If you kept track of your loss/accuracy with a variable you can use the helper function below to plot them.

In [29]:
def plot_loss_acc(loss: List[int], acc: List[int]):
    """Helper to plot loss and accuracy if you store them in a list"""
    fig, (ax0, ax1) = plt.subplots(1,2,figsize=(16,5))
    ax0.plot(acc, 's-')
    ax0.set_title(f'Final test accuracy {acc[-1]:.2f}%')
    ax0.set_ylabel('Accuracy%')
    ax0.set_xlabel('Epochs')
    ax1.plot(loss, 's-')
    ax1.set_title(f'Final test loss {loss[-1]:.2f}')
    ax1.set_ylabel('Loss')
    ax1.set_xlabel('Epochs')

Congratulations you have trained a neural network.
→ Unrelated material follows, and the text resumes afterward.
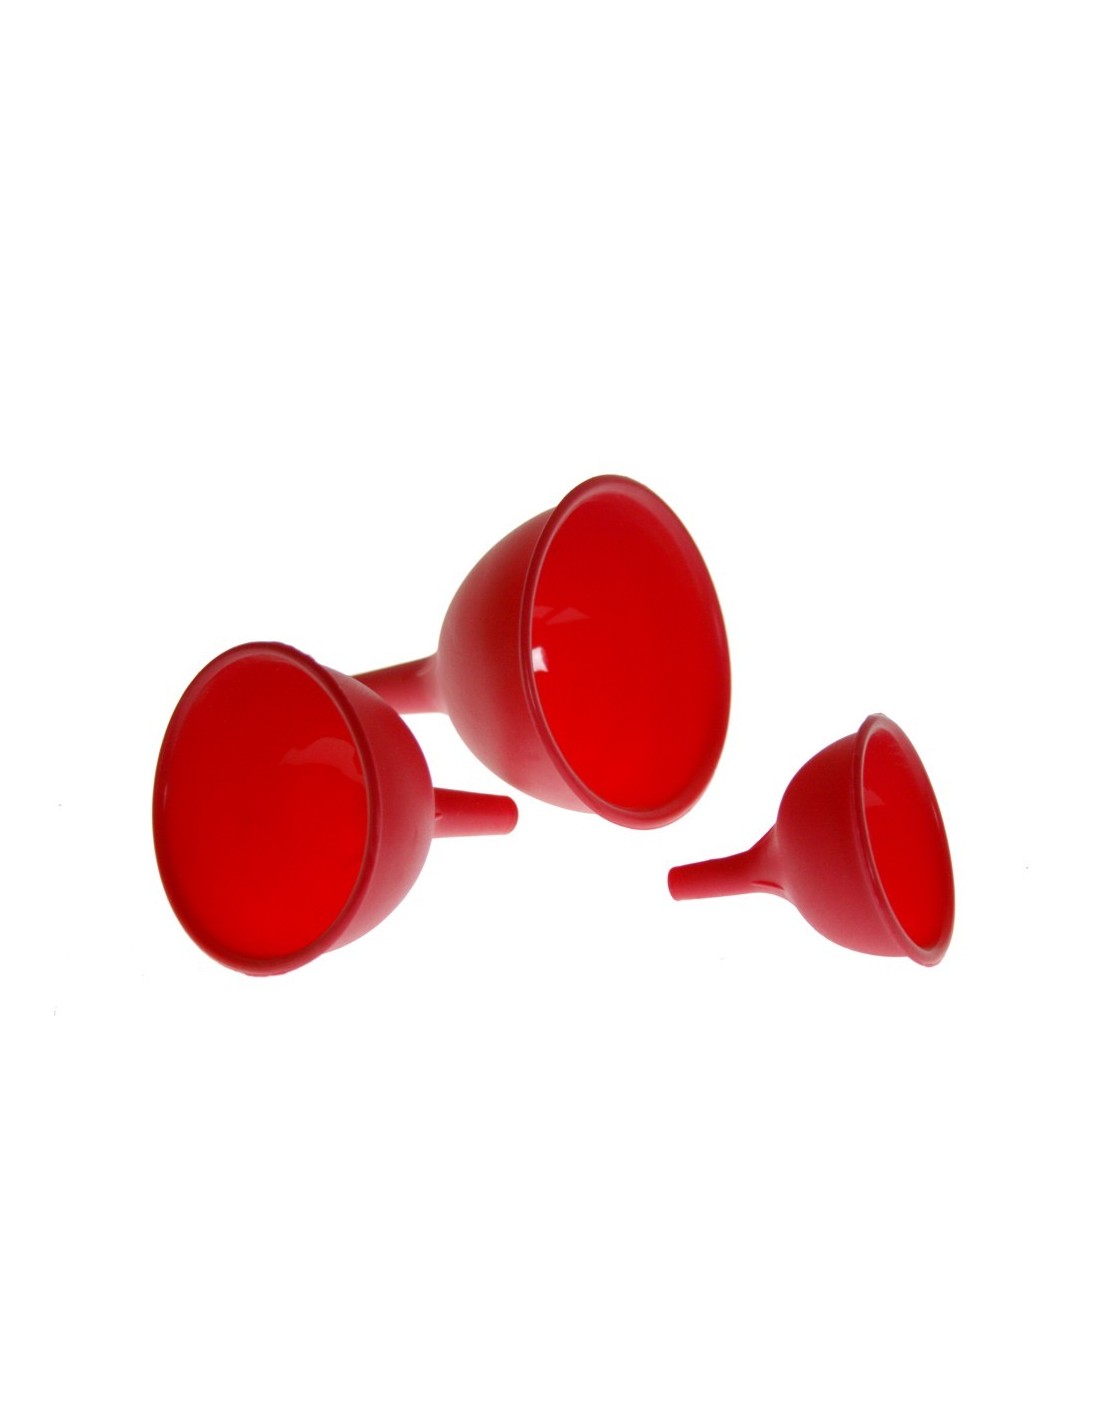 Juego de tres embudos de diferentes tamaños de silicona, de color rojo para cocina casera menaje utensilio de cocina

Most likely the results from this will be less than satisfactory, with it being possilby lower than 50%. Now this is only the start of your journey, every single variable whether your *loss function*, *optimiser (and its learning rate)*, *extracted features*, *model layers*, and more can be changed as to create a better model. This process if called **hyperparameter tuning** and is a large part of machine learning. If you ever want to get better at ML you must be willing to spend the time the improve your model. Therefore the last task is:

**Improve your model to have a better accuracy**. Tune respective parameters as to produce the best result possible.